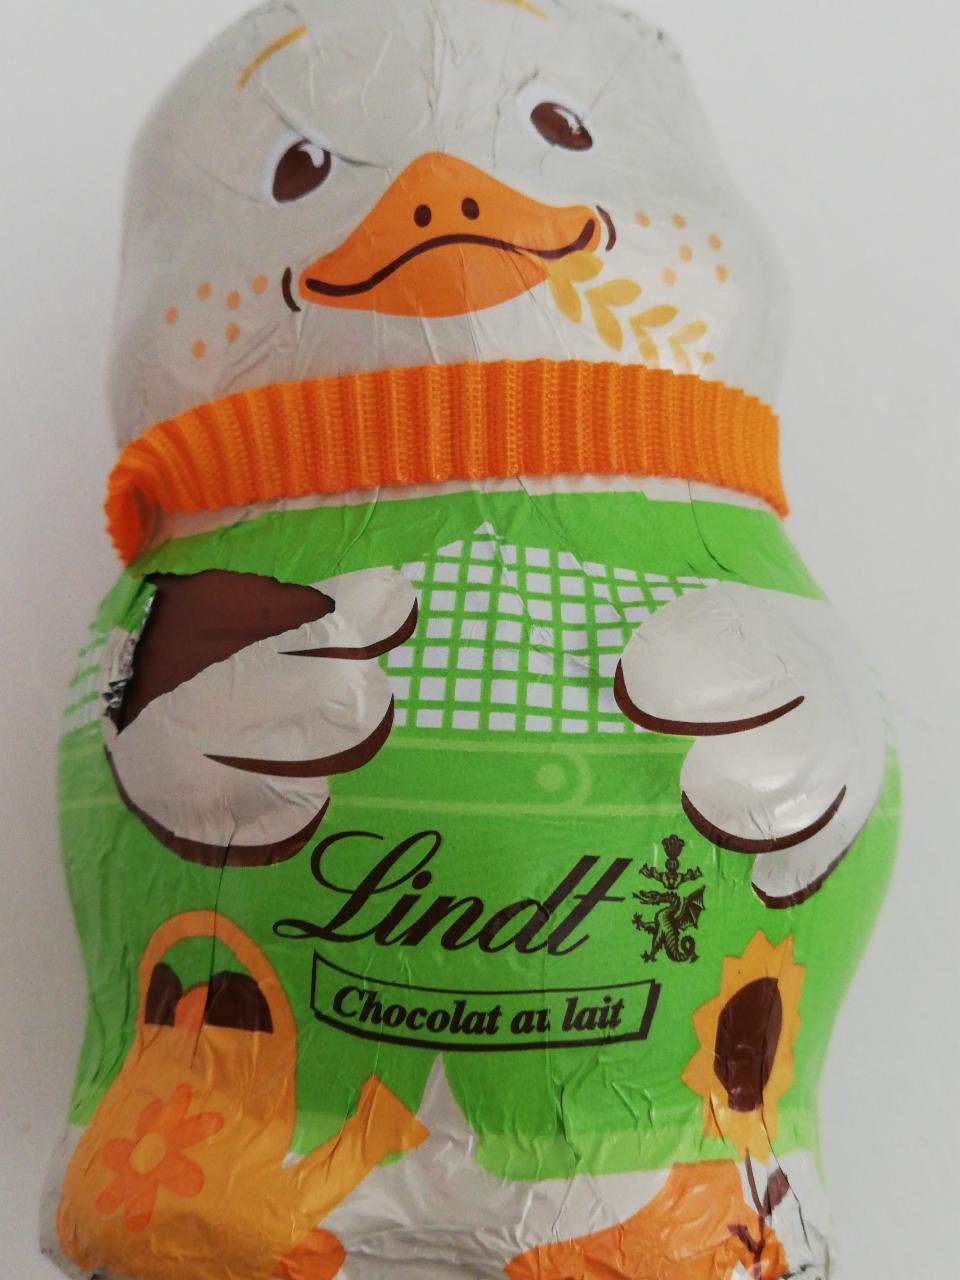 Fotografie - Kuřátko Chocolat au lait Lindt
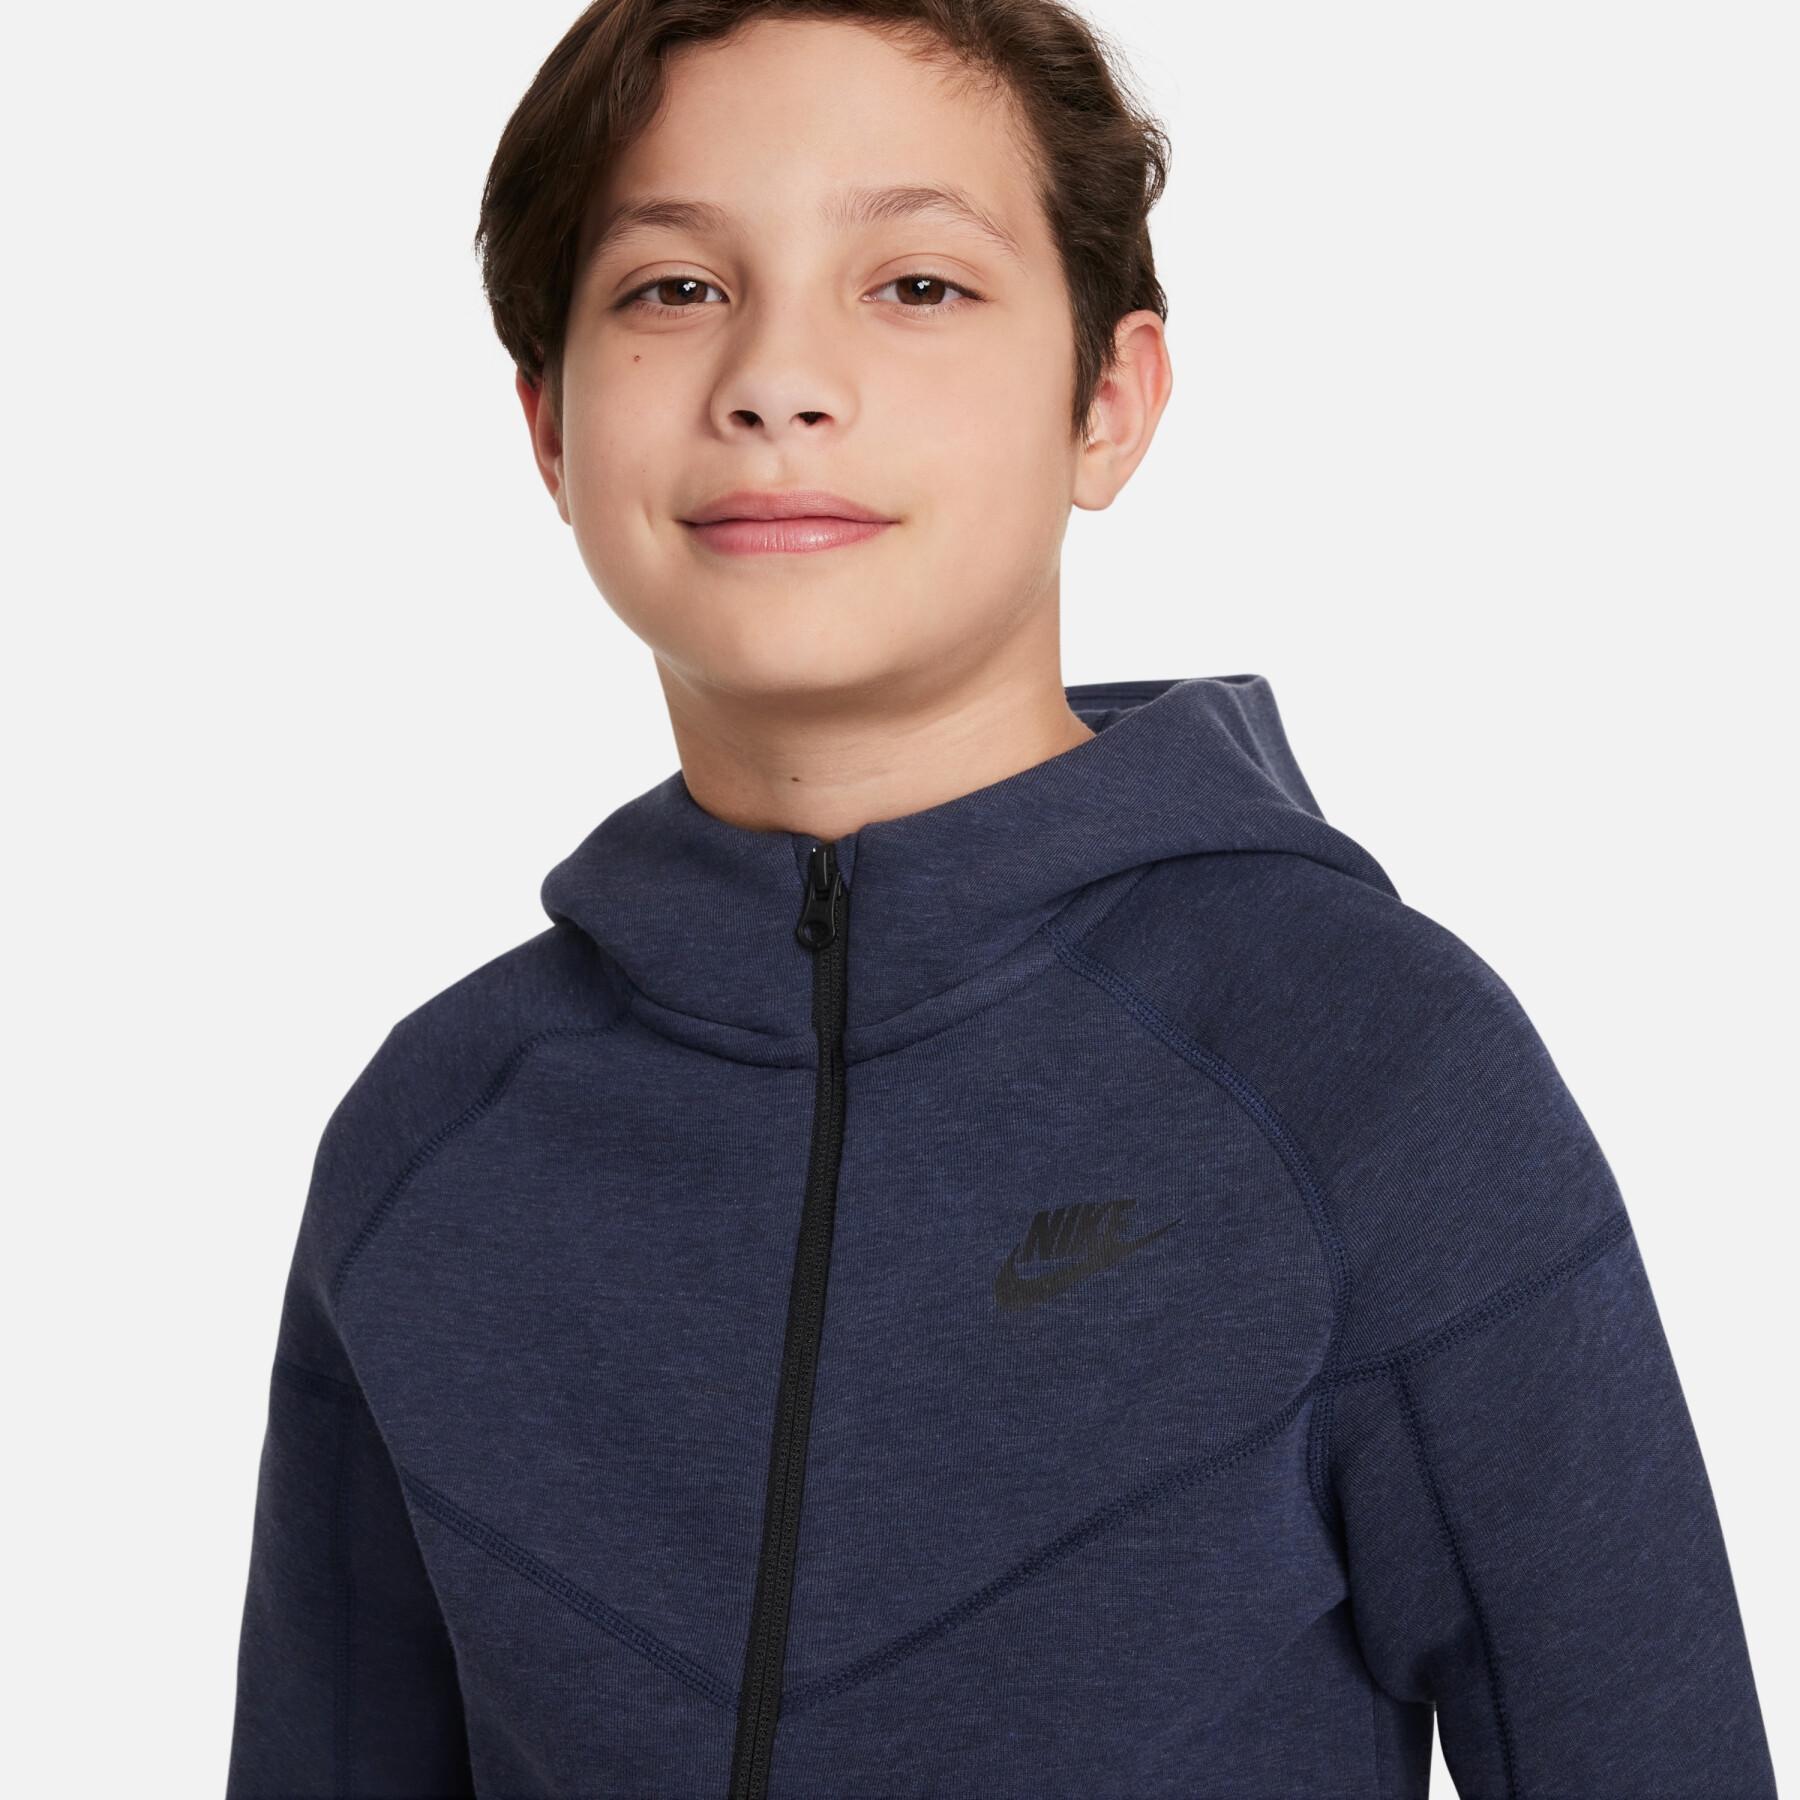 Children's zip-up sweatshirt Nike Tech Fleece
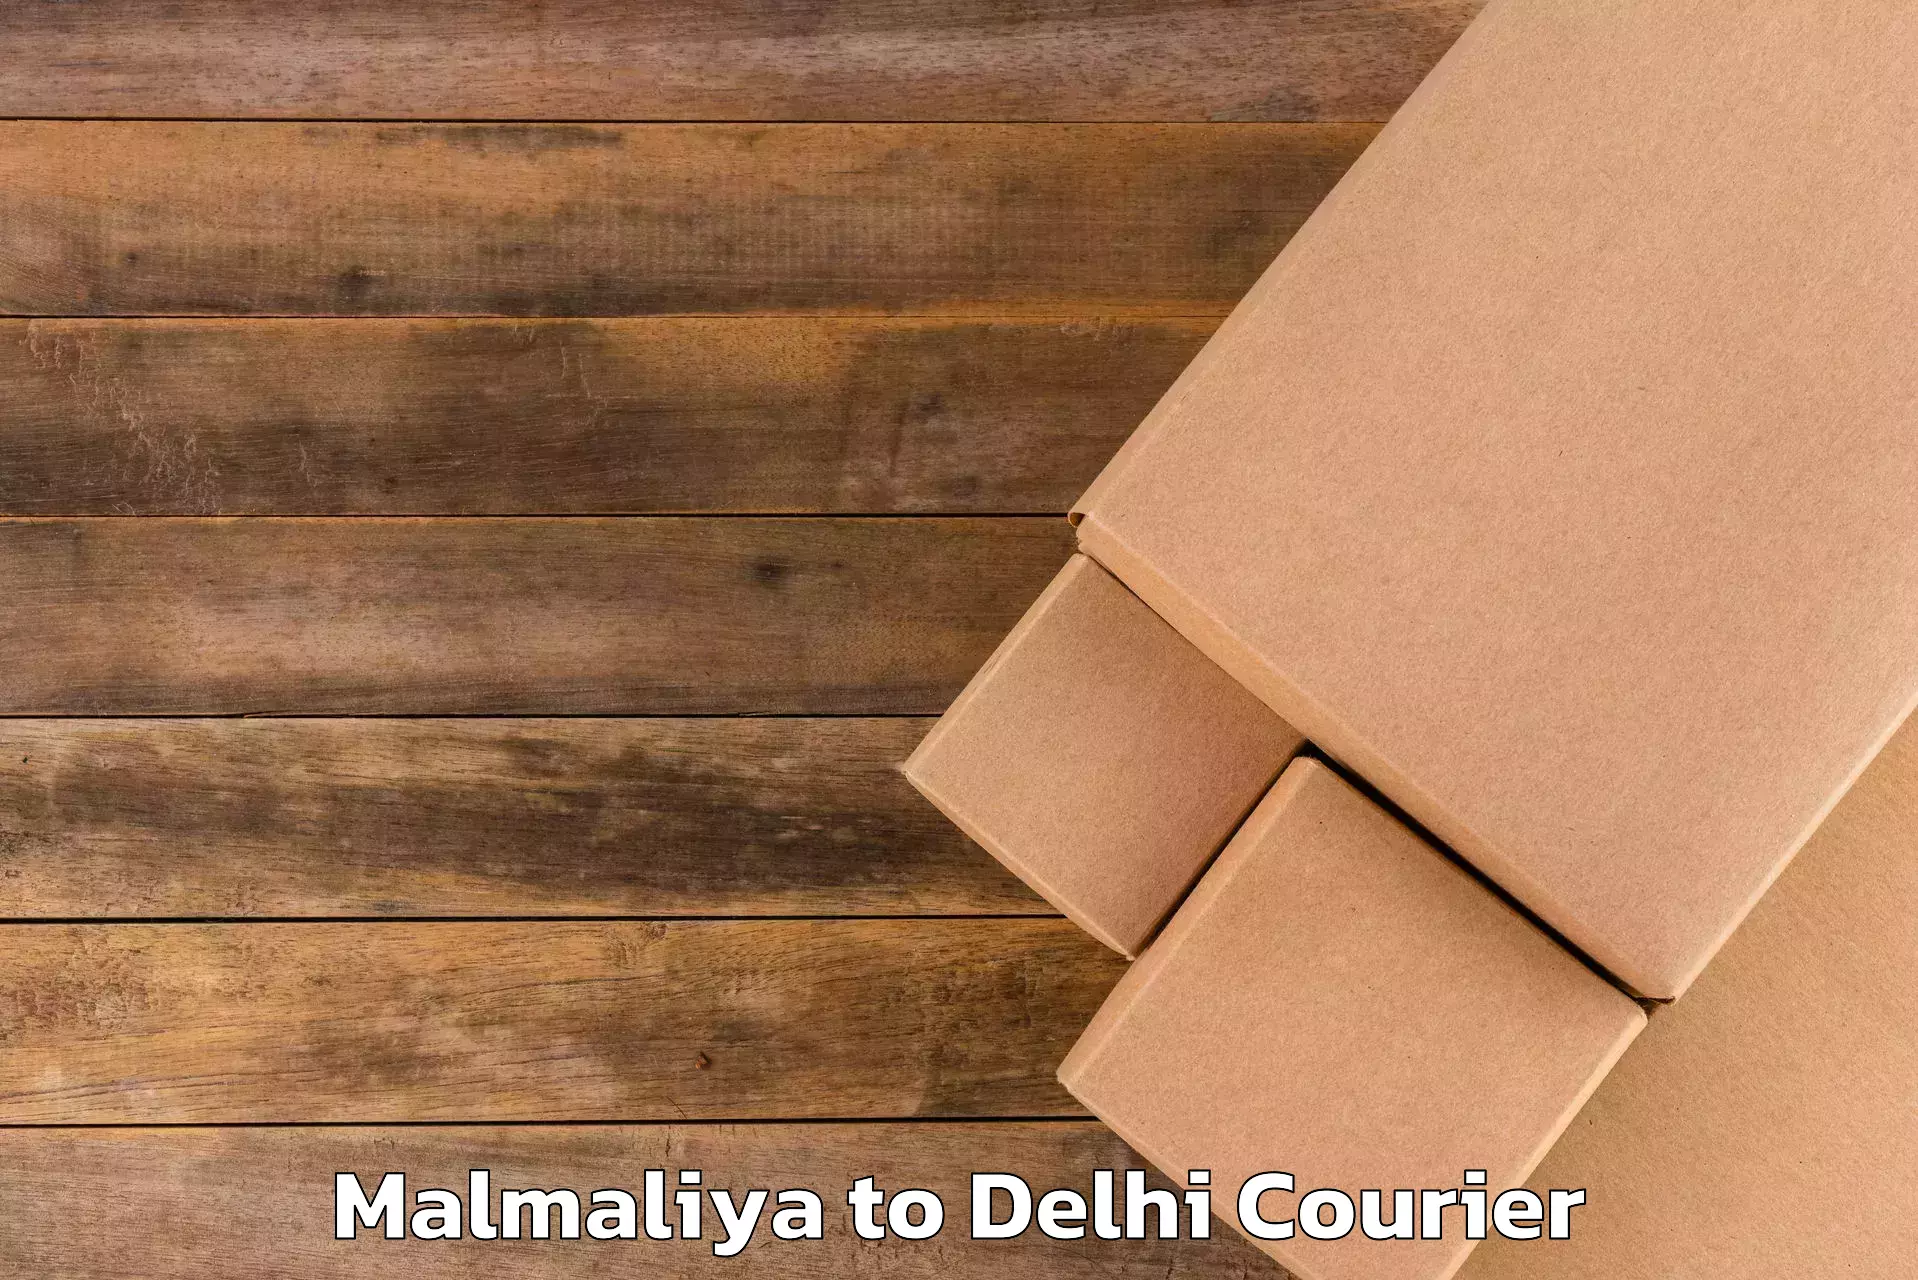 Baggage courier rates calculator Malmaliya to Jawaharlal Nehru University New Delhi

+ + +

TASK PROMPT
Give every line of the data above again as it stands; the pictures stay out.

RESPONSE AREA
 Fotografie - Kuřátko Chocolat au lait Lindt
 Children's zip-up sweatshirt Nike Tech Fleece
 Baggage courier rates calculator Malmaliya to Jawaharlal Nehru University New Delhi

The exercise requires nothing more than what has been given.